Given information:
■ ■ ■
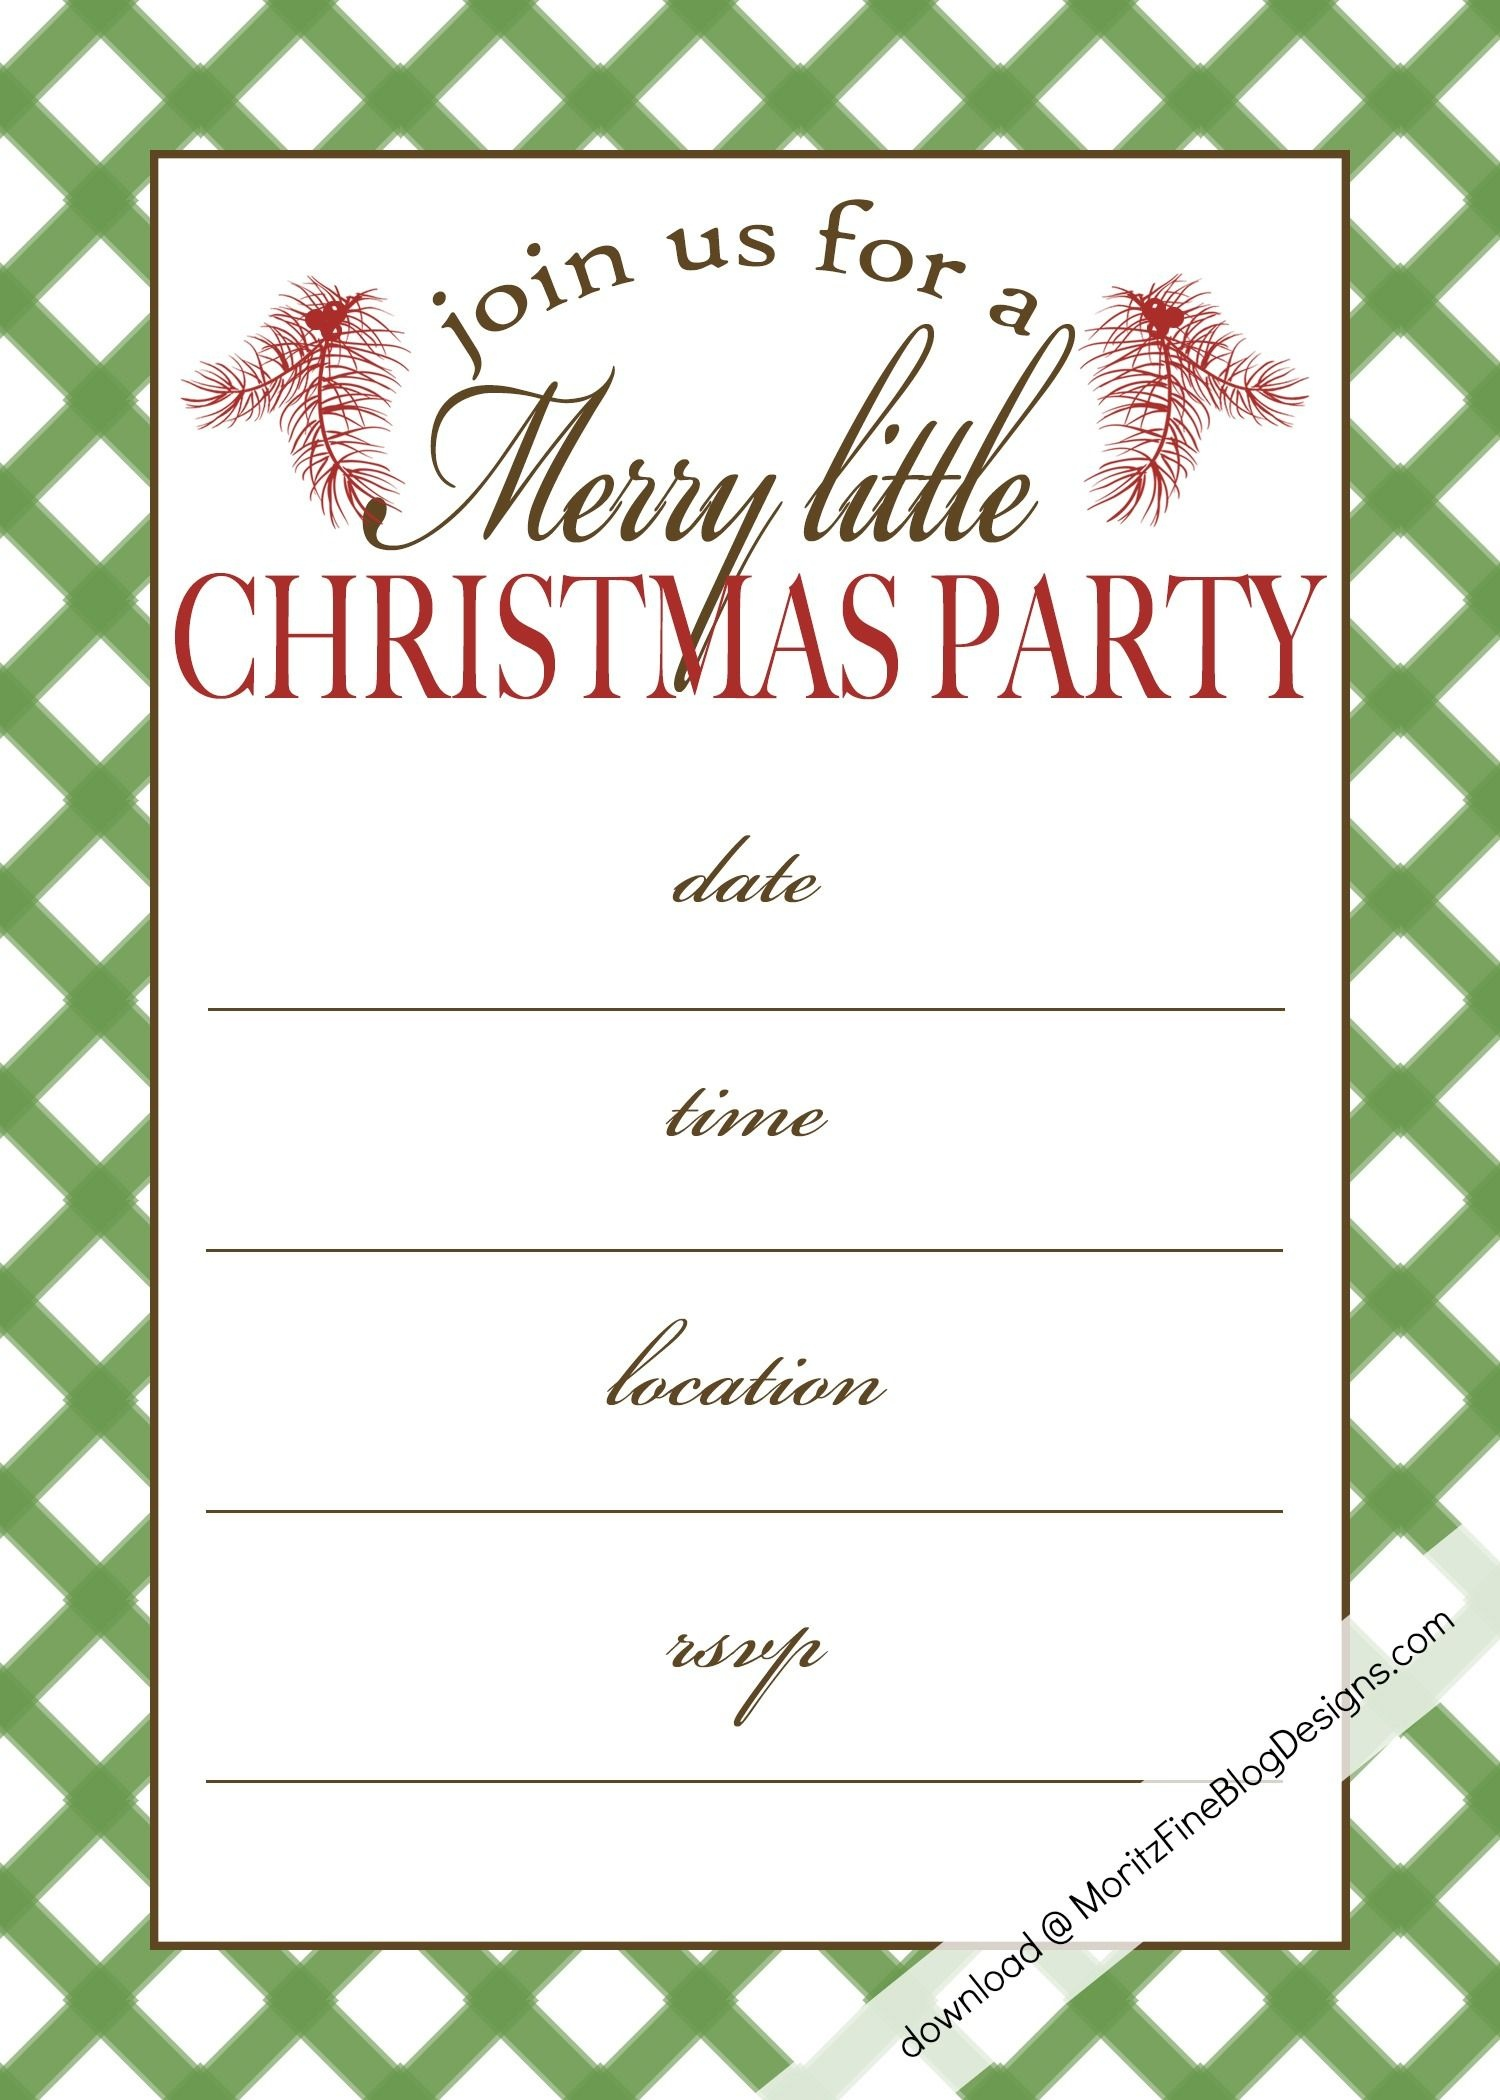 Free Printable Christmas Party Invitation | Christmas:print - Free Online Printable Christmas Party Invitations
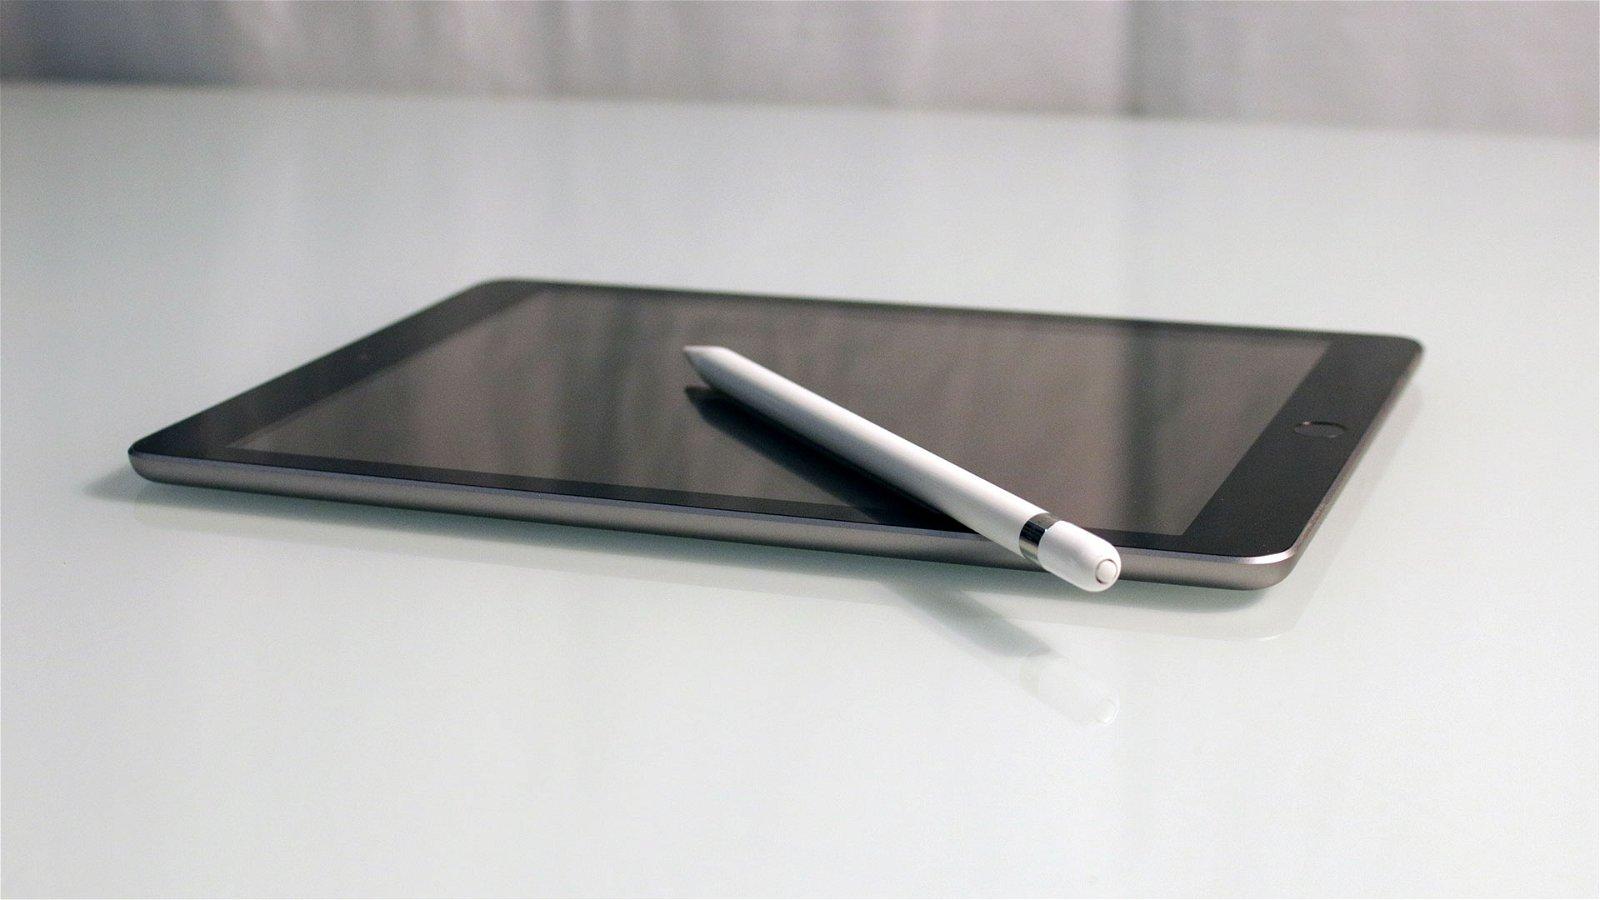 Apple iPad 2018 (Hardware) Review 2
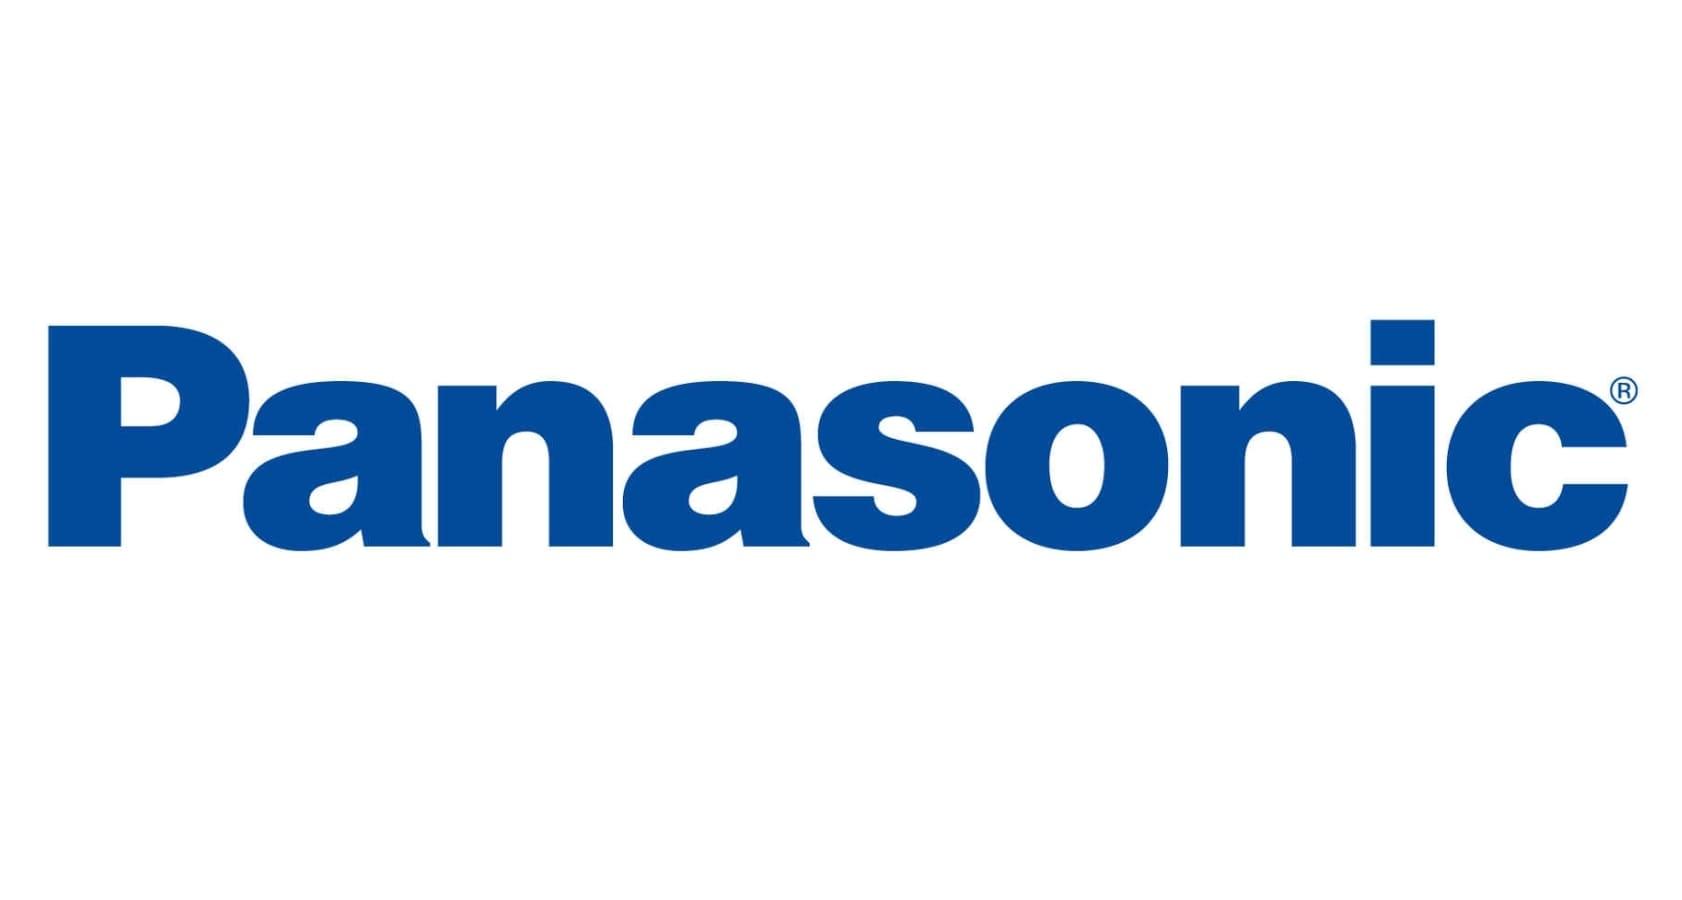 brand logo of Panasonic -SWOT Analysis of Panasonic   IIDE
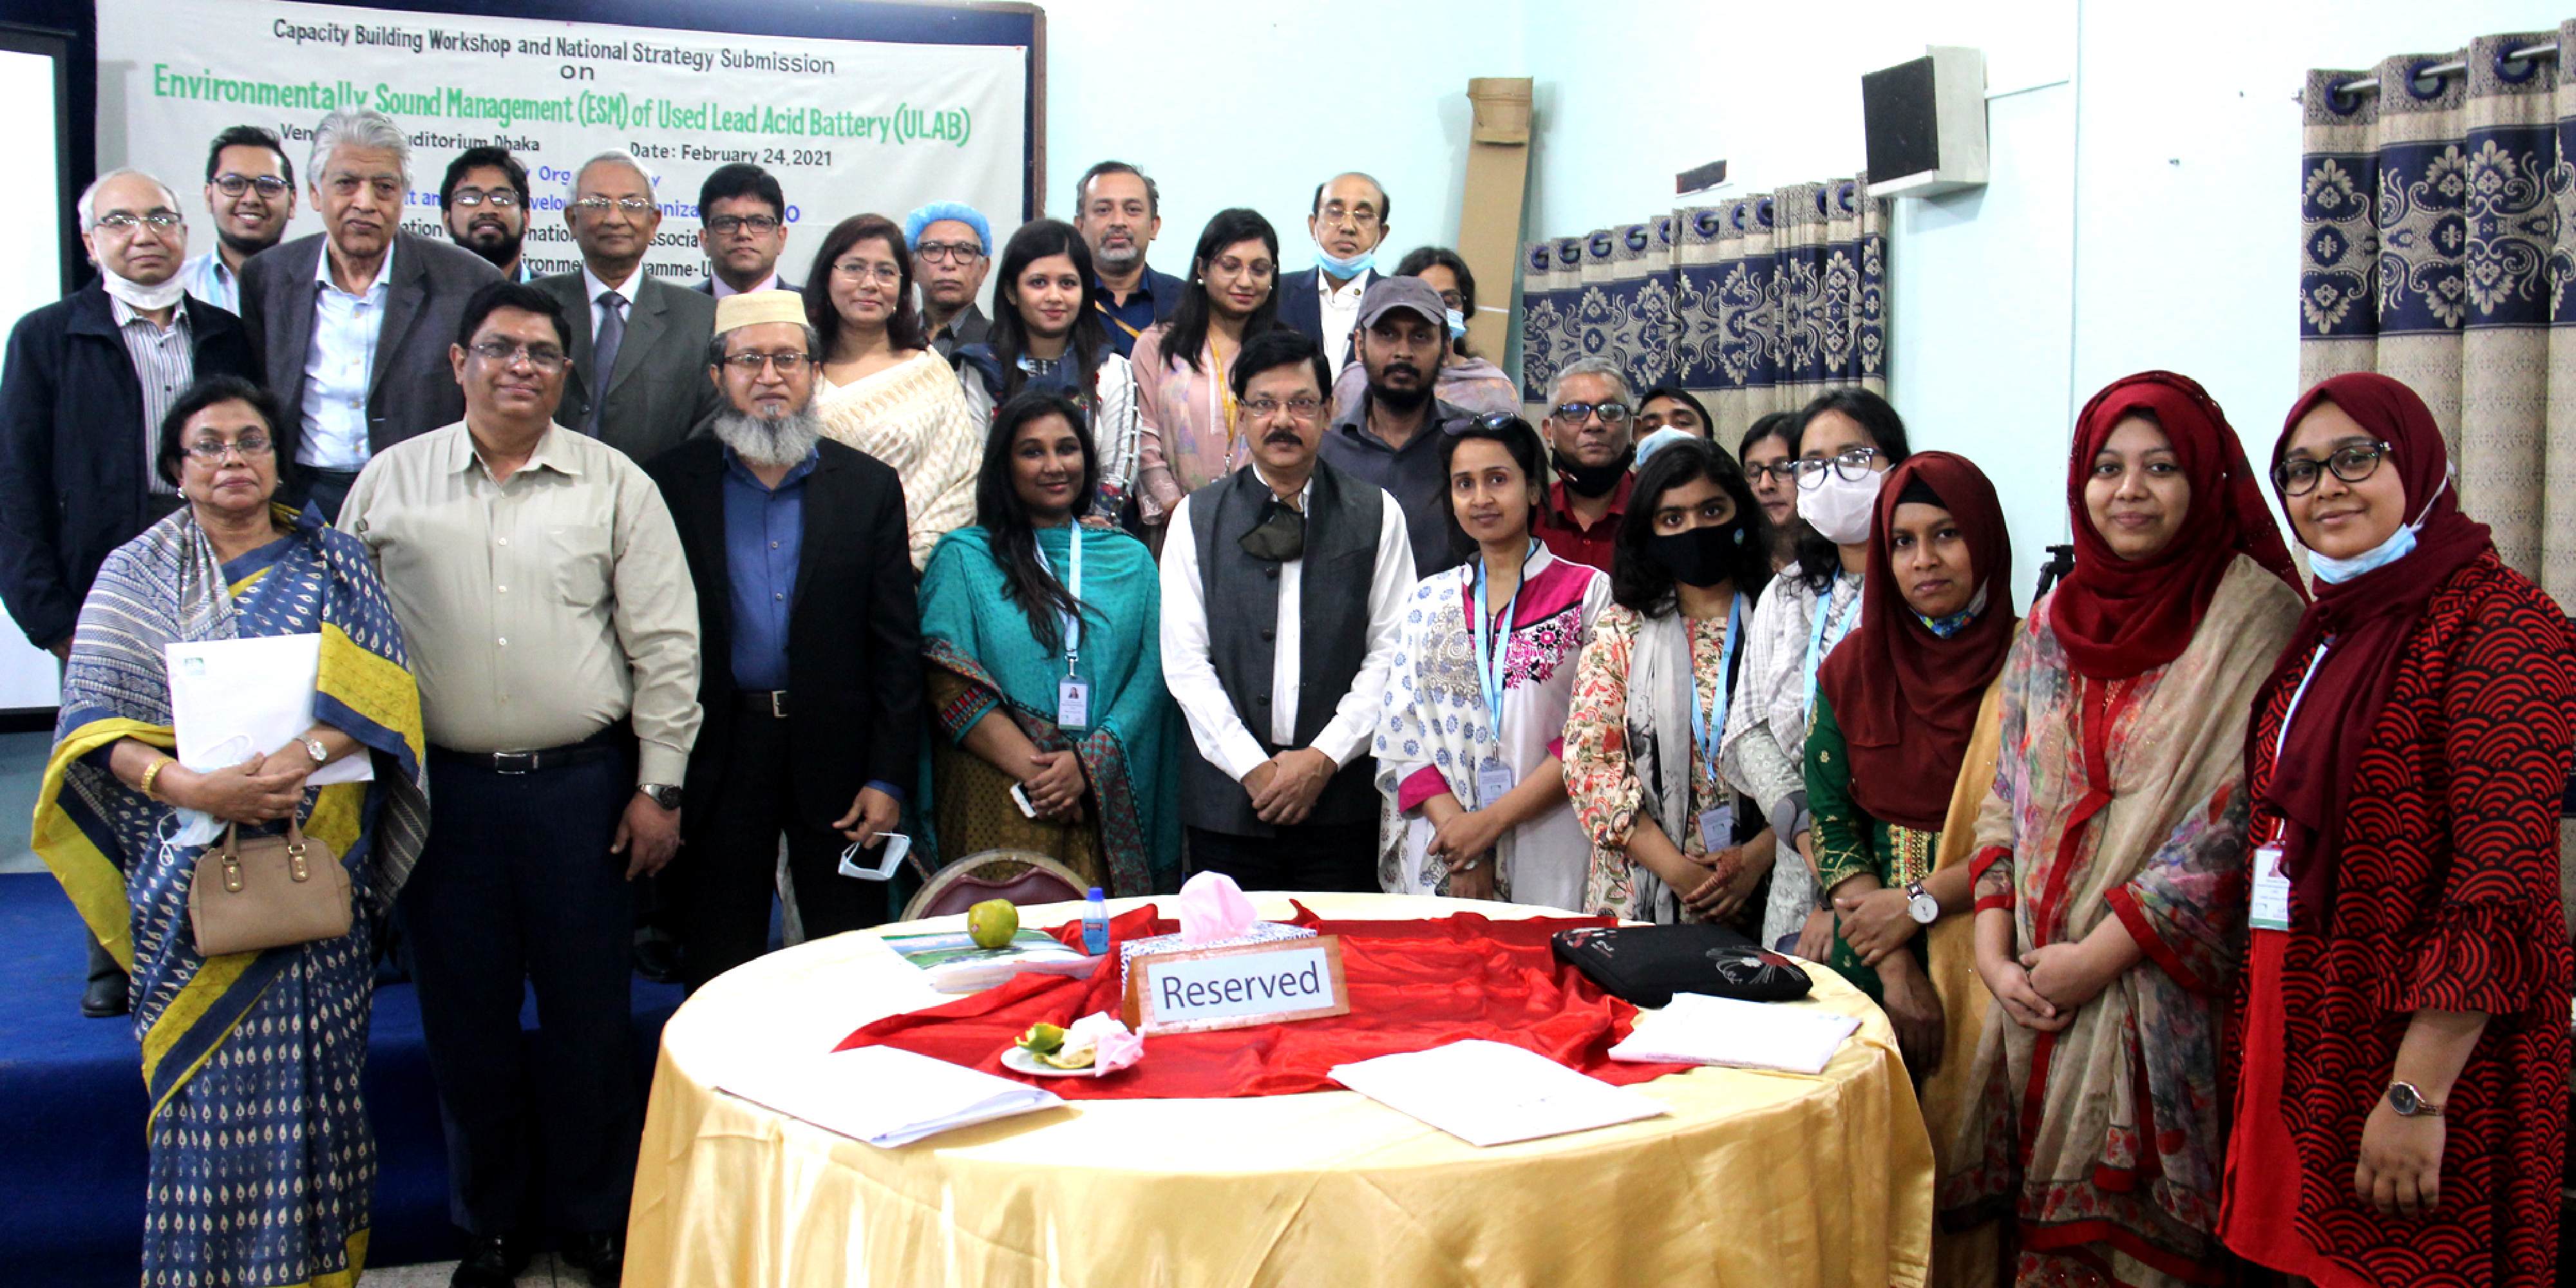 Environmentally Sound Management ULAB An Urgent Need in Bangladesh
■ ■ ■
Your objective: Exact output of each line above is wanted, without the pictures.

Answer for this exercise:
 Free Printable Christmas Party Invitation | Christmas:print - Free Online Printable Christmas Party Invitations
 Apple iPad 2018 (Hardware) Review 2
 brand logo of Panasonic -SWOT Analysis of Panasonic   IIDE
 Environmentally Sound Management ULAB An Urgent Need in Bangladesh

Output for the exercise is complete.